One of the principal neuropathological features of Parkinson's disease and related dementia is the formation of abnormal clumps of a sticky protein called alpha-synuclein. These protein clumps build up in the brain causing the death of nerve cells, especially the dopamine-producing neurons that control movement. The progressive incorporation of alpha-synuclein into protein clumps is thought to result from impaired handling of this protein in cells.

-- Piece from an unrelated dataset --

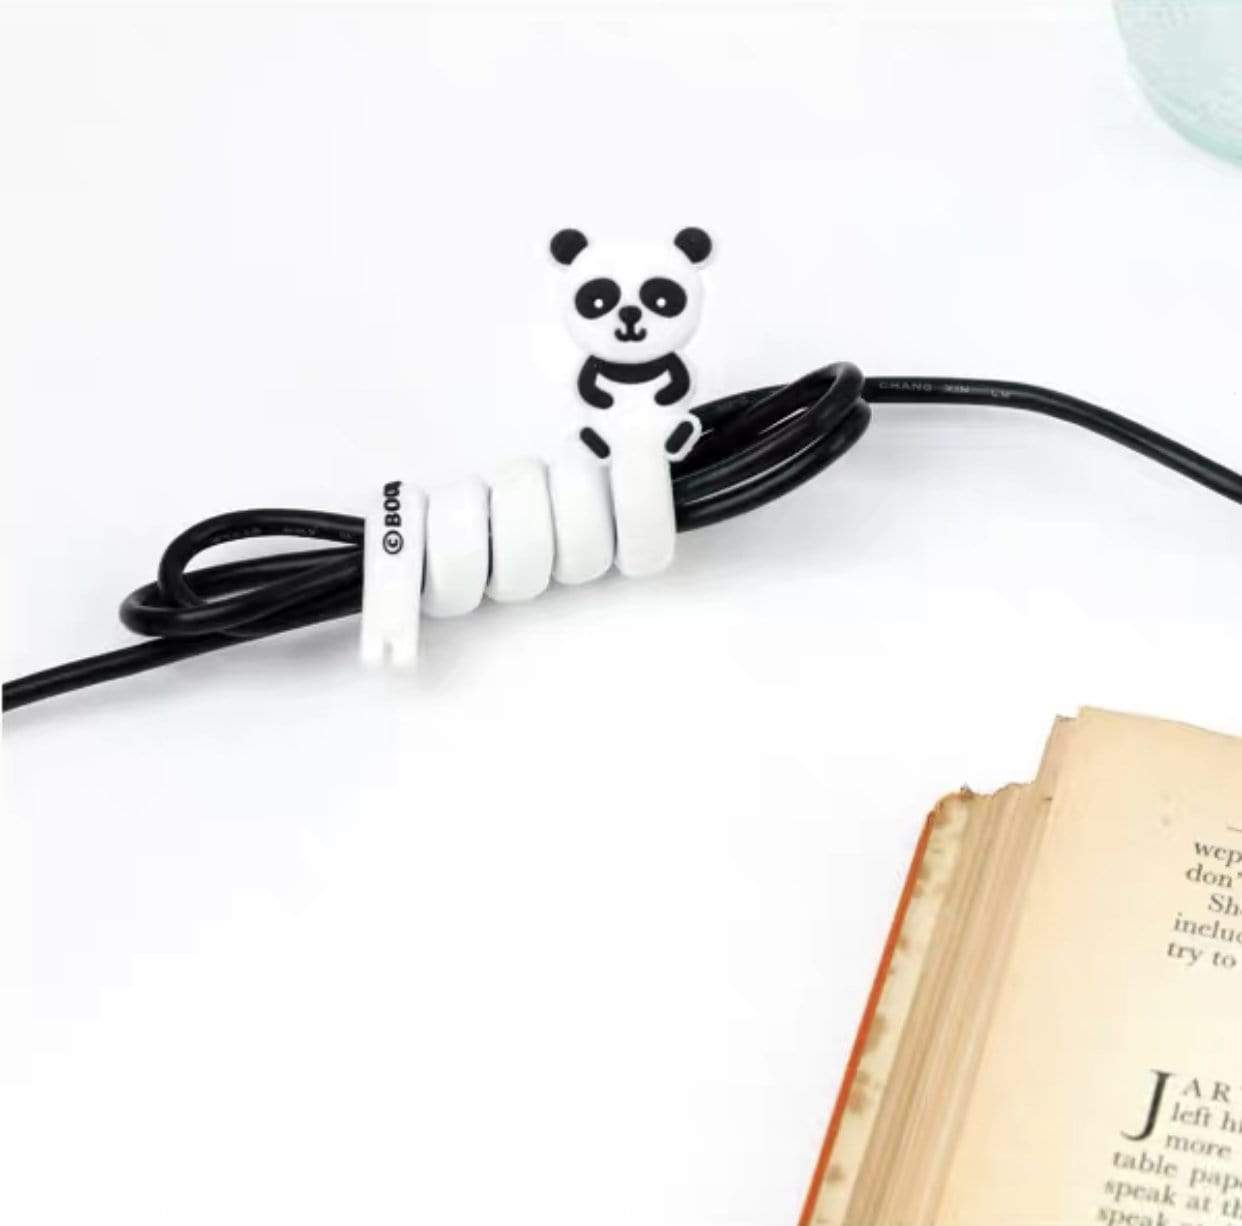 Helms Store Accessories Bookfriends Korea Animal Character Cable Organiser - Panda

Cells have developed efficient ways to rid themselves of unwanted proteins. However, the mechanism of destruction of alpha-synuclein has remained elusive. This area of research is challenging because multiple pathways have been implicated in alpha-synuclein turnover without definitive evidence that any of these operate in nerve cells.
Professor George Tofaris and his team have now developed tools to visualise in cells the fraction of alpha-synuclein that is degraded. They have shown that this involves a chain of ubiquitin (a small protein modifier found in most tissues). Typically, when a chain of ubiquitin molecules gets hitched to a protein - usually a damaged one - that protein becomes targeted for destruction.
Reporting in Science Advances, Zenko, Marsh et al. made ubiquitinated alpha-synuclein glow inside living cells using a method called bi-molecular fluorescence complementation. In this way they managed to follow its fate. They found that under normal conditions before alpha-synuclein clumps up, ubiquitination acts as a signal that targets it to intracellular organelles called endosomes. These in turn fuse with lysosomes, which are sacs of digestive enzymes, leading to the breakdown of alpha-synuclein. In contrast, when abnormal protein clumps form, they trap ubiquitinated alpha-synuclein with lysosomes, preventing efficient degradation.
Ubiquitination of alpha-synuclein triggers its endosomal localisation and sorting for degradation by the lysosome
The team used genetic and pharmacological approaches to decipher key factors that shuttle alpha-synuclein to the endosome for lysosomal degradation. Importantly, they produced novel antibodies and demonstrated that the pathway they delineated in living cells also operates endogenously in human nerve cells derived from induced pluripotent stem cells (iPSC) or primary neurons isolated from the mouse brain.
Professor Tofaris said: 'Lysosomes have been implicated in Parkinson's disease through genetics but their molecular link to alpha-synuclein turnover remained unclear. Our study delineates this pathway mechanistically and offers the tools for identifying genetic targets or small molecules that accelerate the destruction of alpha-synuclein'.